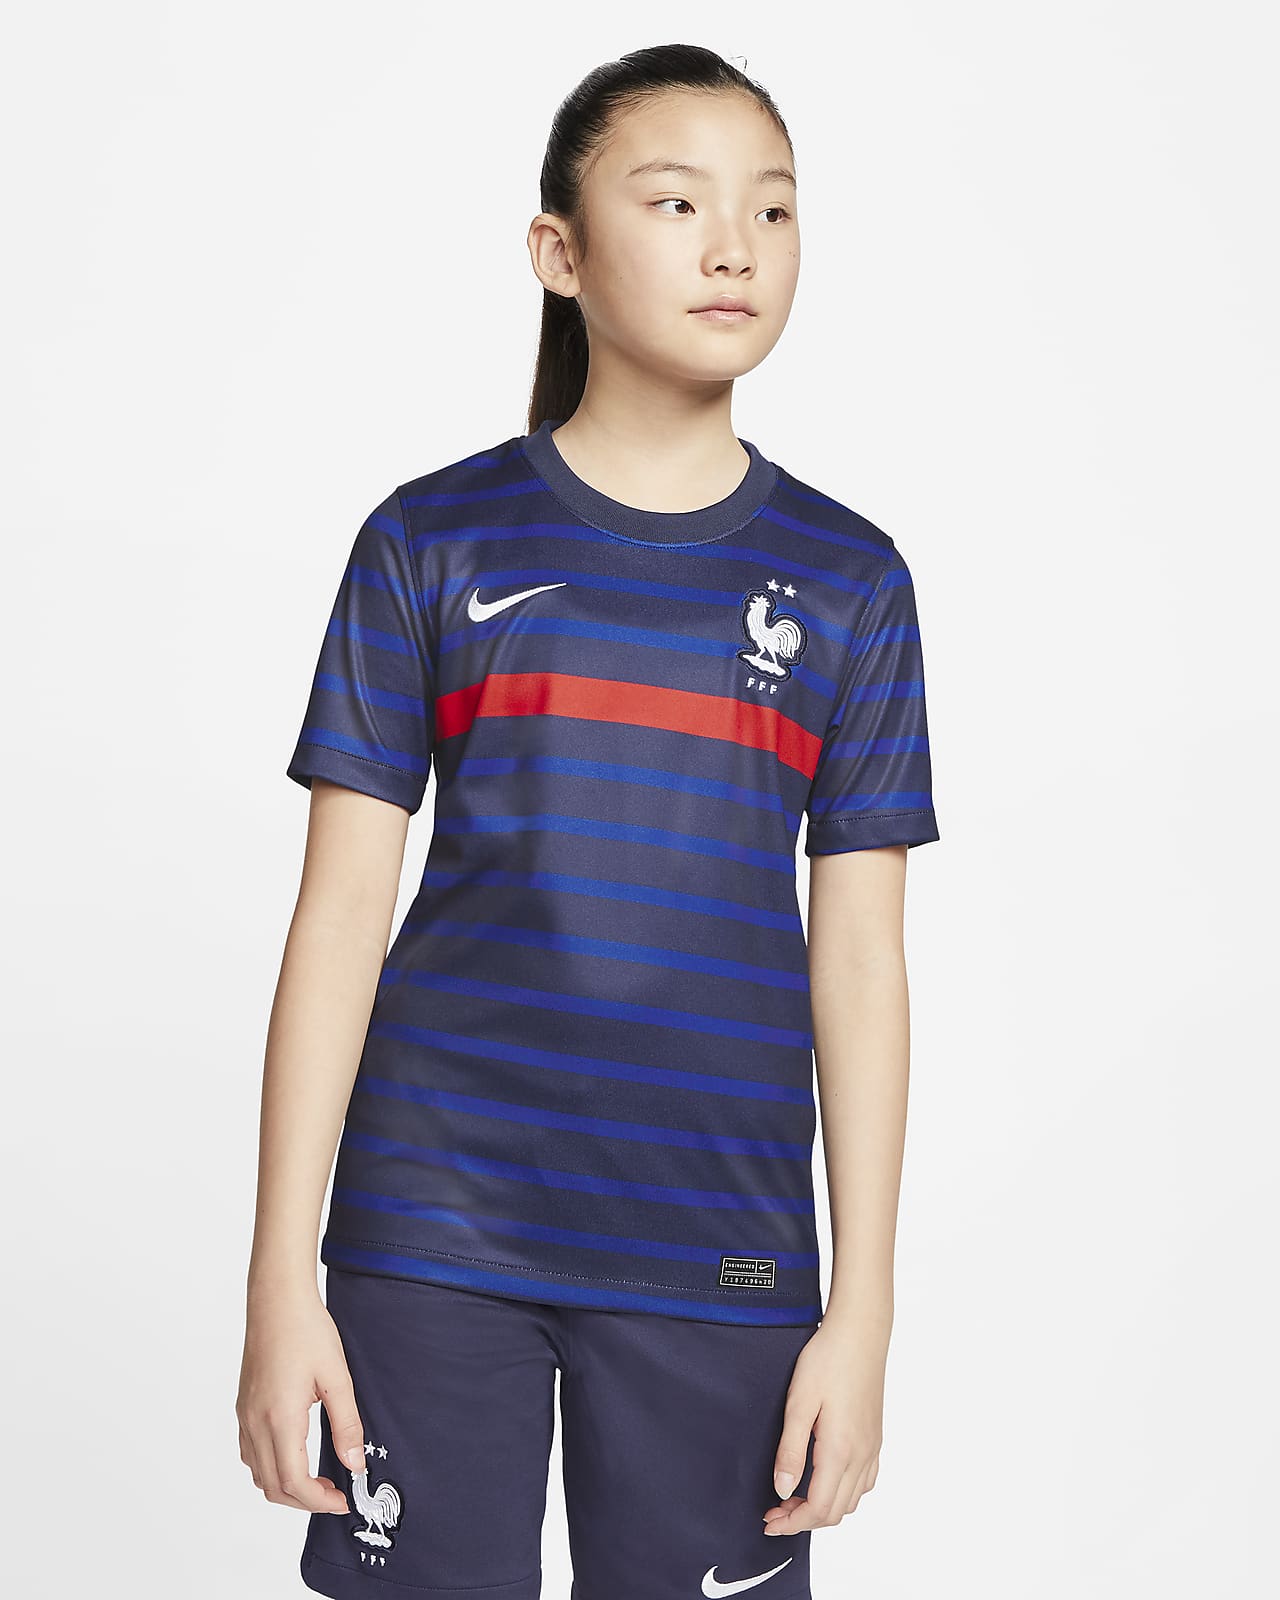 Older Kids' Football Shirt. Nike SG
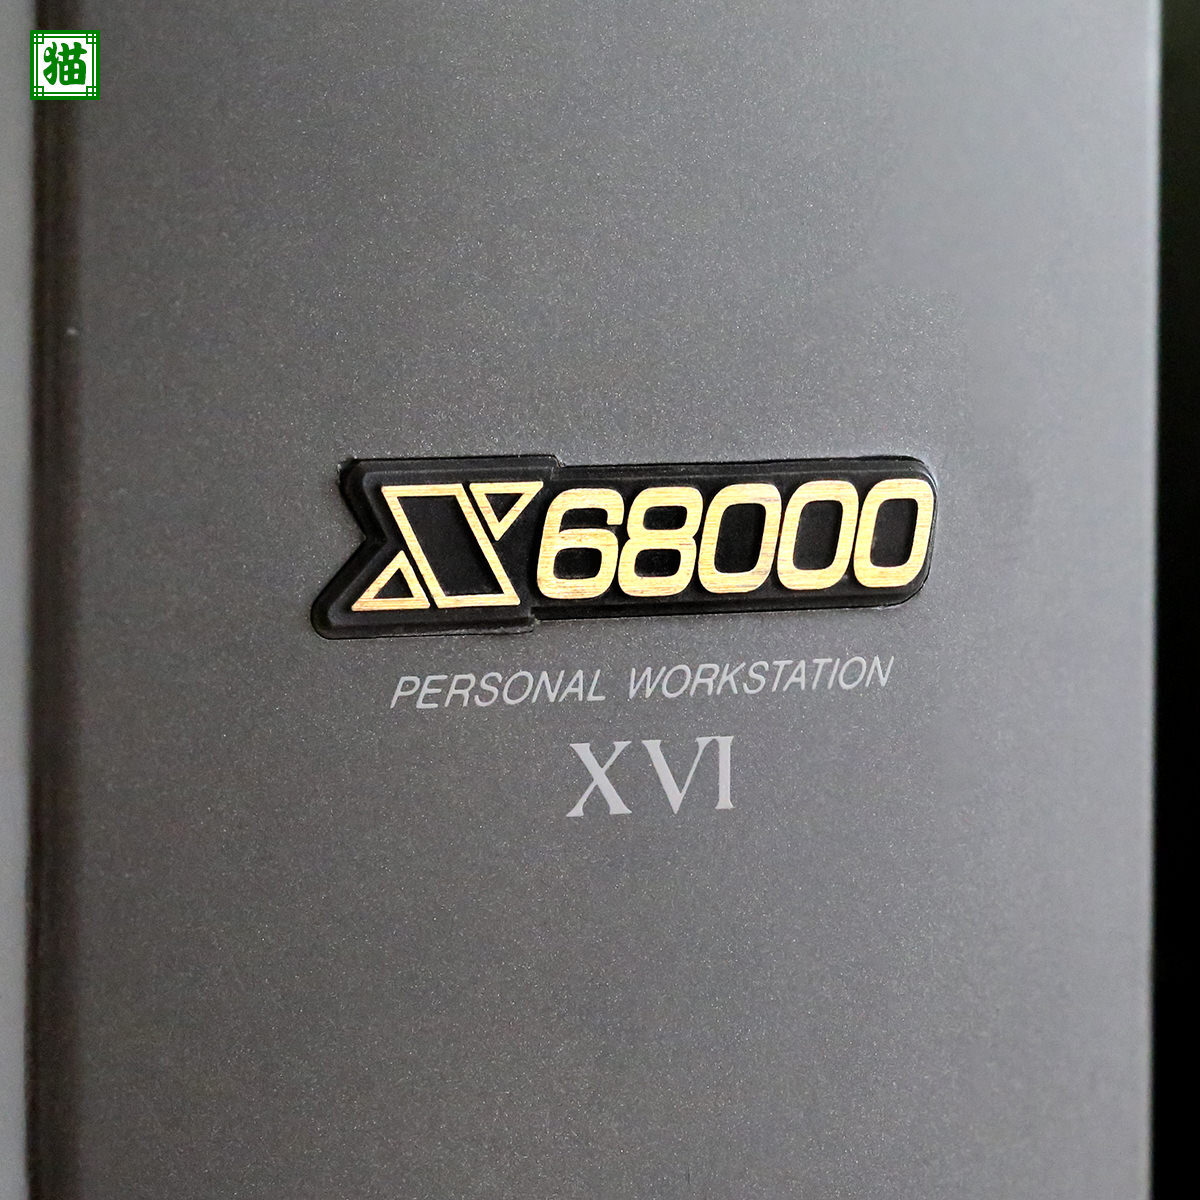 SHARP X68000 XVI CZ-634C-TN RAM:2MB HDD:なし 静音ファン搭載【オーバーホール済・送料無料】_SHARP X68000 XVI CZ-634C-TN 2MB
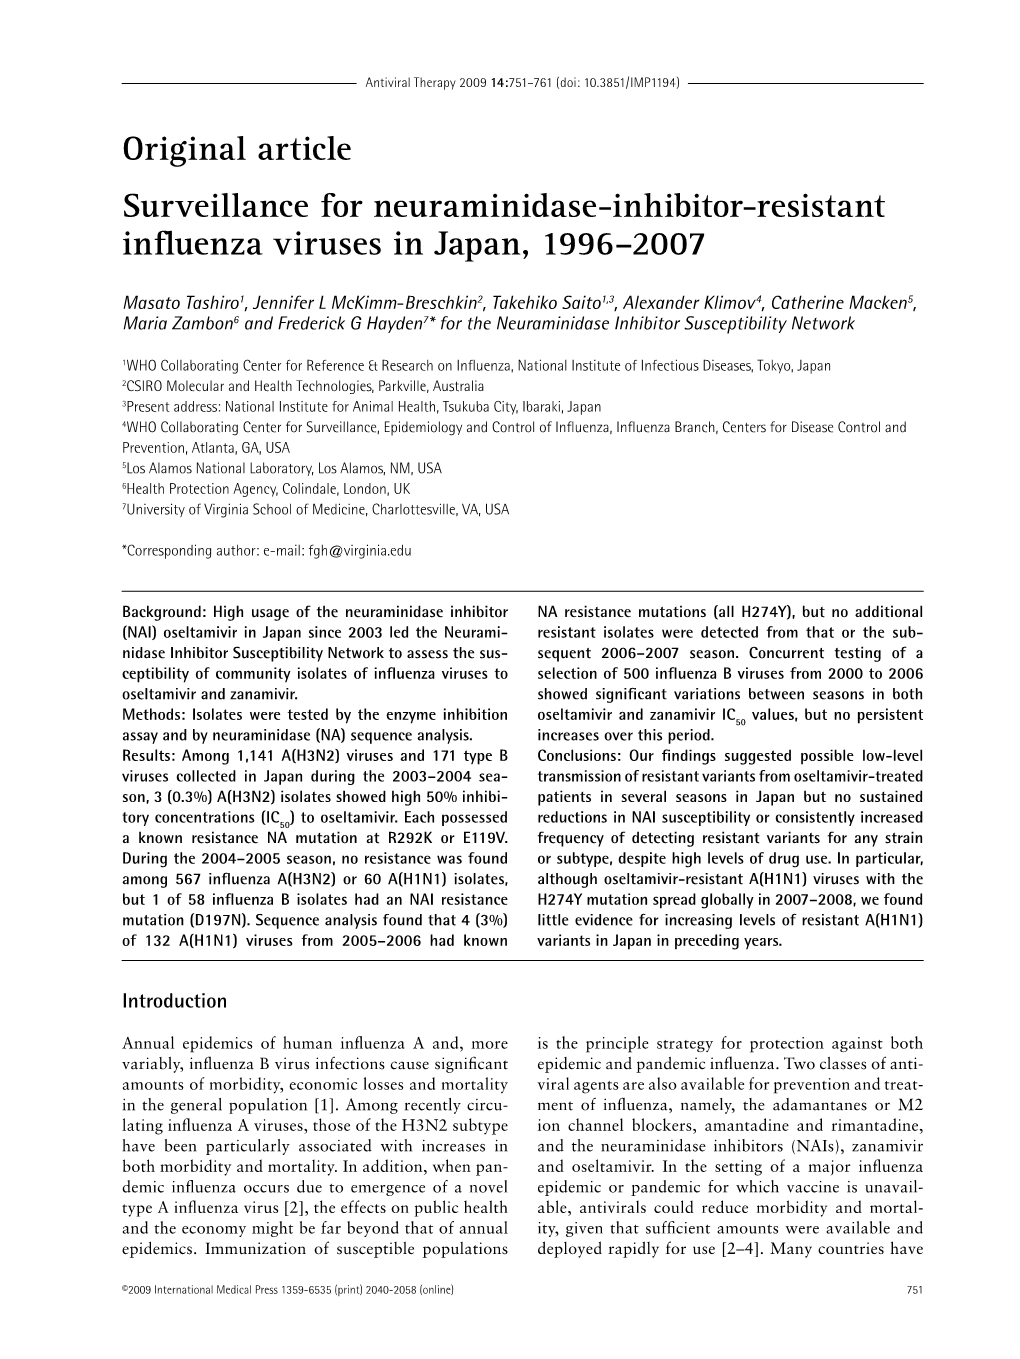 Original Article Surveillance for Neuraminidase-Inhibitor-Resistant Influenza Viruses in Japan, 1996–2007
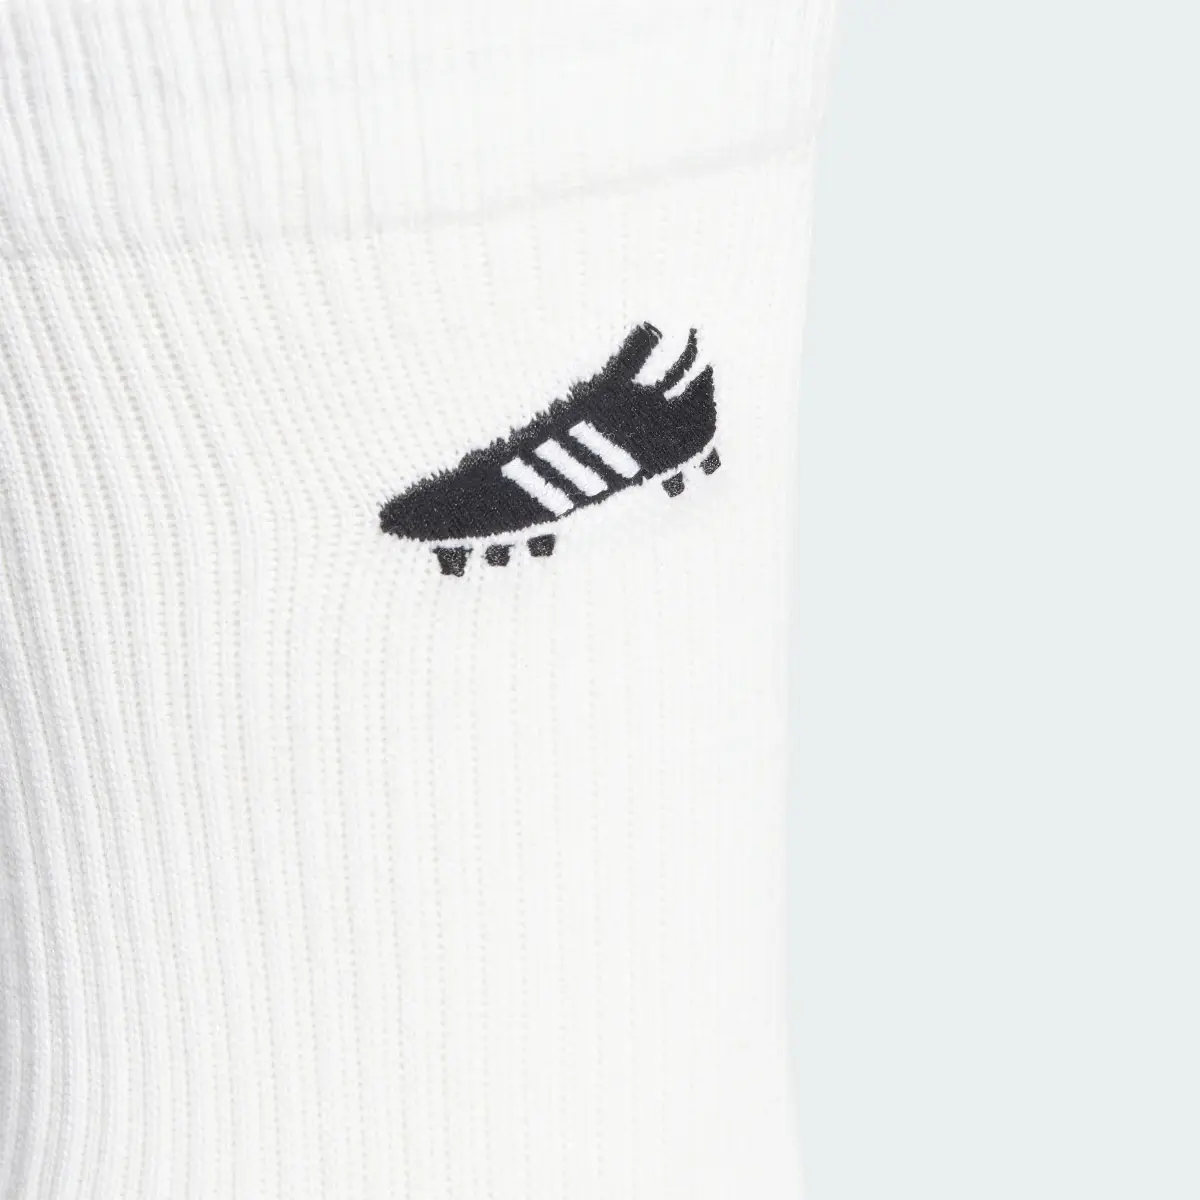 Adidas Chaussettes à motif chaussure de football brodé. 2

---

> _TASK OBJECTIVE_: Drop the pictures and reproduce the rest of the data above exactly.

> _WRITTEN SOLUTION_:
 Older Kids' Football Shirt. Nike SG
 SHARP X68000 XVI CZ-634C-TN RAM:2MB HDD:なし 静音ファン搭載【オーバーホール済・送料無料】_SHARP X68000 XVI CZ-634C-TN 2MB
 Original Article Surveillance for Neuraminidase-Inhibitor-Resistant Influenza Viruses in Japan, 1996–2007
 Adidas Chaussettes à motif chaussure de football brodé. 2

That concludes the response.